Understanding gas sweetening processes
Natural gas produced in gas fields is a mixture of hydrocarbons, mostly C₁ through C₆+, inert gases (N₂, He, H₂, Ar, O₂), acidic gases (CO₂ and/or H₂S), organic sulfur species (RSH, RSR, RSSR) and other impurities. The H₂S content in soura natural gas spans 0.1 vol%–5 vol%, depending on the location of fields and the ages of wells, while the concentration of carbon dioxide (CO₂) ranges from 0.6 vol% to more than 15 vol%.
The acidic gases contained in natural gas must be removed in a sweetening unit to meet sales gas specifications or to match the feedstock quality requirements of LNG facilities. H₂S is toxic; it has an odor similar to that of rotten eggs when its concentration falls to 0.01 ppm–1.5 ppm. At 100 ppm–150 ppm it causes the loss of smell, and at concentrations higher than 1,000 ppm it causes nearly instantaneous death with a single breath. Sales gas specifications typically require that H₂S content be less than 4 ppm in volume.
CO₂ is non-toxic; however, if present at high concentrations it may lower the natural gas high heating value (HHV). To achieve salable gas, CO₂ content must be kept in the range of 1 vol%–4 vol%. In cryogenic units CO₂ can freeze out, causing operational problems; therefore, LNG feedstock cannot contain more than 50 ppm of CO₂.
Since the inception of the gas processing industry, dozens of sweetening technologies have been developed. This article discusses the most commonly used acid gas removal technologies, with a focus on gas absorption in alkanolamines.
Chemistry of acid gases. H₂S is a proton donator, according to the Brønsted acid definition, while CO₂ is an electron acceptor, or a Lewis acid. Both are weak acids, with CO₂ being slightly stronger than H₂S. The equilibrium solubility of CO₂ under absorber conditions is, therefore, higher than that of H₂S. However, when H₂S dissolves in water, it swiftly protonates water with one or two protons, depending on the pH of the aqueous solution, as shown in Eqs. 1–2:
H₂S + H₂O ↔ HS– + H₃O+ (1)
HS- + H₂O ↔ S2– + H₃O+ (2)
CO₂ reacts slowly with water to form carbonic acid, which successively dissociates into bicarbonate/carbonate ions, as shown in Eqs. 3–4:
CO2 + 2H2O ↔ HCO3– + H3O+ (3)
HCO3– + H2O ↔ CO3²– + H3O+ (4)
In the range of 8–10, which is the typical pH operating condition for alkanolamines, the first ionization reactions (Eqs. 1 and 3) are the predominant reactions. Therefore, the concentrations of S²– and, to a lesser extent, CO3²–, are negligible. Moreover, the absorption of H₂S is controlled by the diffusion rate through the gas film at the liquid-gas interface. Conversely, the absorption of CO₂ is controlled by mass transfer through the liquid phase, which is the controlling step of the CO₂ transport phenomenon. Overall, the absorption of H₂S is faster than that of CO₂. Under industrial absorption conditions, this results in a greater-than-expected H₂S absorption, on the sole basis of the chemical equilibrium.

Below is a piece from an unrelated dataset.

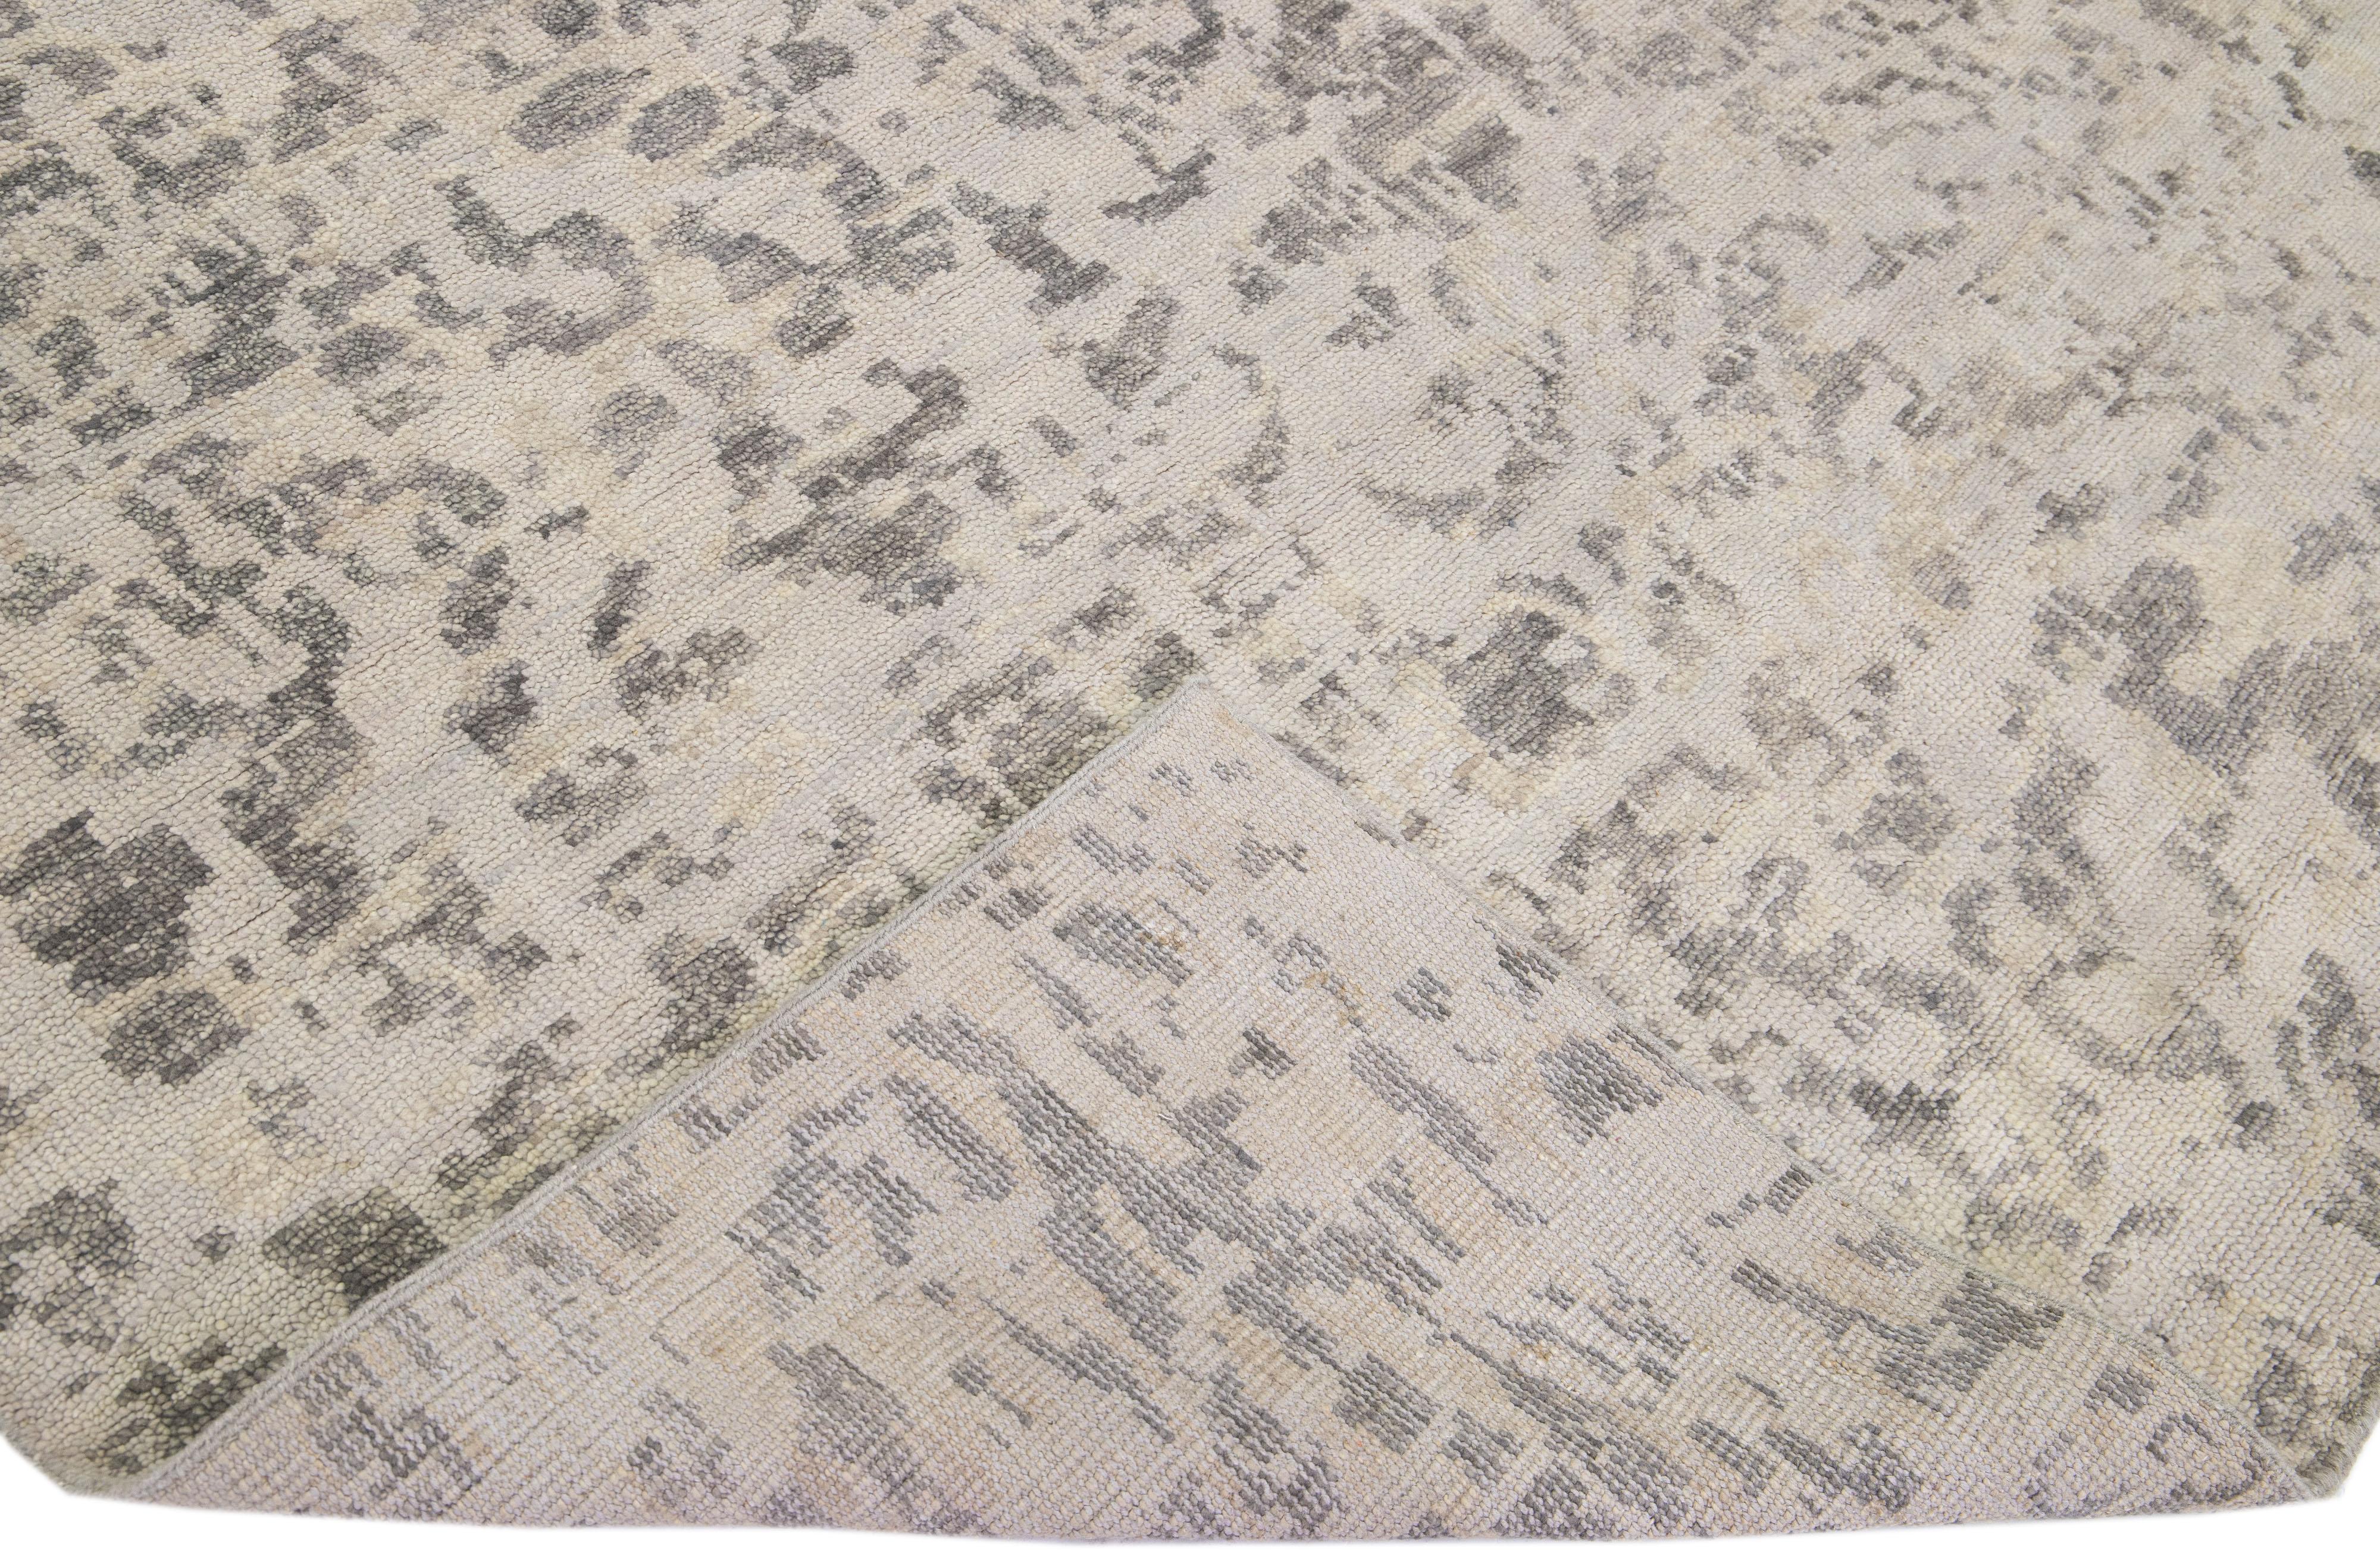 Schöne zeitgenössische Teppiche von Thom Filicia Home Collection. Dieser indische handgeknüpfte Teppich aus Wolle hat ein grau-beiges Feld und dunkelgraue Akzente im gesamten Design. 
Thom Filicias Auge für exquisite Details und schöne Texturen

The kinetics of CO₂ absorption can be improved by adding an activator to the aqueous solution. The effect is similar to that of a homogeneous catalysis. FIG. 1 shows a streamlined mechanism of an activated MDEA aqueous solution.
FIG. 1. Mechanism of CO2 absorption with activated solvent. |
The key points of this catalysis are the high rate of reaction of the activator with CO₂, the high transfer rate of the CO₂– activator reaction product from the film to the liquid bulk, and the fast hydrolysis reaction of the formed organic acid into the activator and bicarbonate ions. In principle, the activator NH operates as a “fast shuttle,” carrying CO₂ from the film to the liquid bulk and enhancing the diffusion rate of CO₂ into the aqueous solution. The result is that, by adding a small volume of activators, a high rate of CO₂ absorption can be attained while limiting the energy required for the solvent regeneration.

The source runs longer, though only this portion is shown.